--- Provided data ---
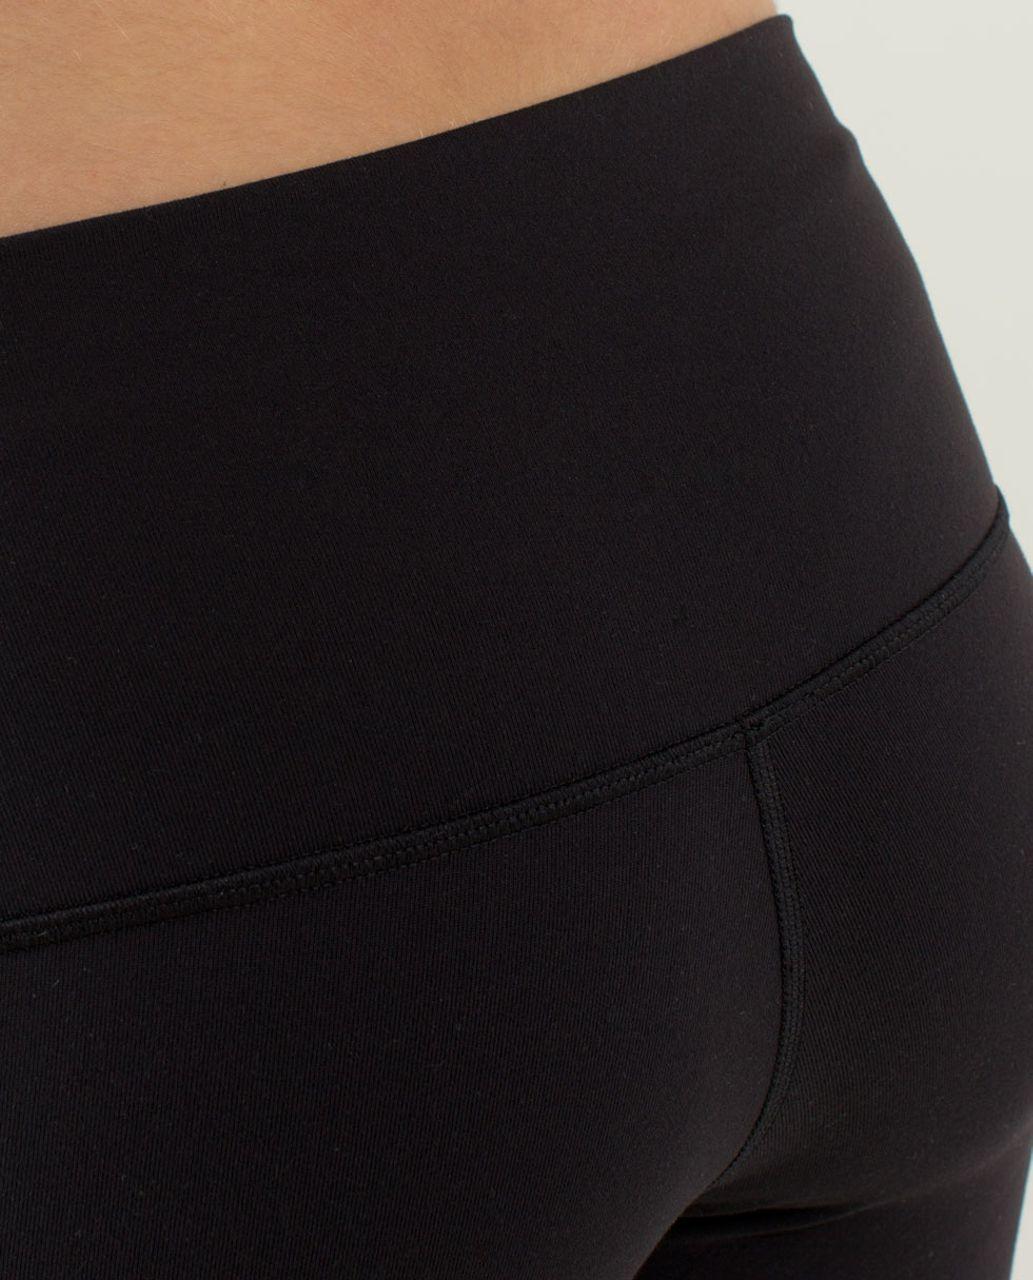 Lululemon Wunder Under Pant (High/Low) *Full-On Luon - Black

---

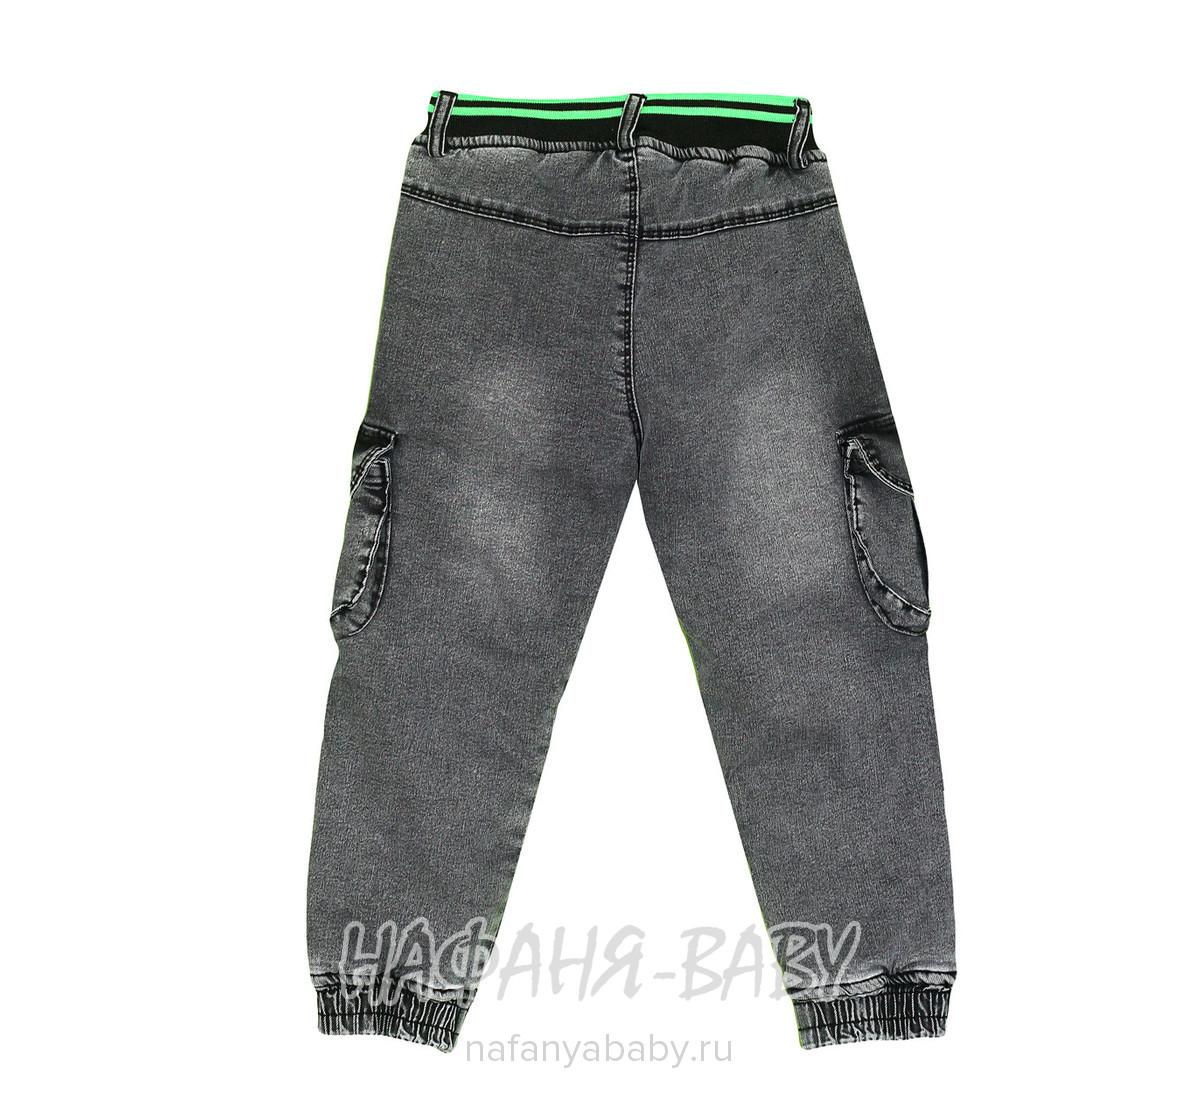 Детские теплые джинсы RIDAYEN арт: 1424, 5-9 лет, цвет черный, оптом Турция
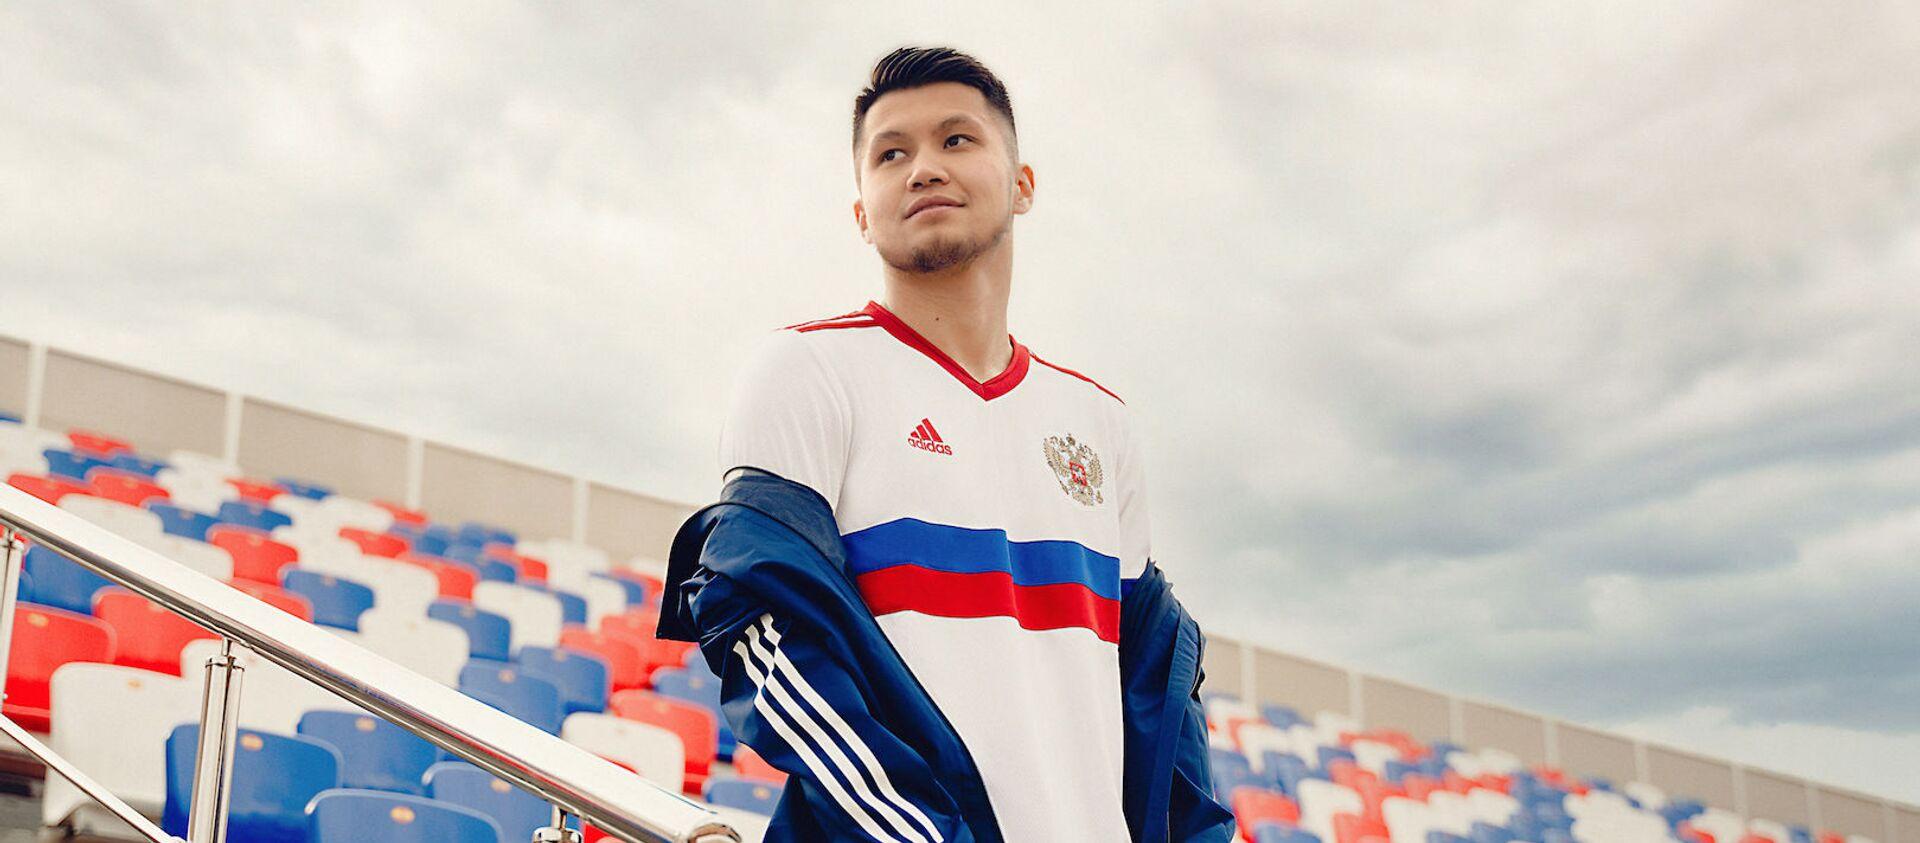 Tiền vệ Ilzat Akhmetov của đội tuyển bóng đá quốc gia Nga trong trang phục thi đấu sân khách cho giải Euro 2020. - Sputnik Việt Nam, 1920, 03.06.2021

--- To do ---
Although pictures appear among the records above, write out exactly only the lines from the one that has "Детские теплые джинсы" through the one that has "Tiền vệ Ilzat", and leave the pictures out.

--- Response area ---
 Детские теплые джинсы RIDAYEN арт: 1424, 5-9 лет, цвет черный, оптом Турция
 Tiền vệ Ilzat Akhmetov của đội tuyển bóng đá quốc gia Nga trong trang phục thi đấu sân khách cho giải Euro 2020. - Sputnik Việt Nam, 1920, 03.06.2021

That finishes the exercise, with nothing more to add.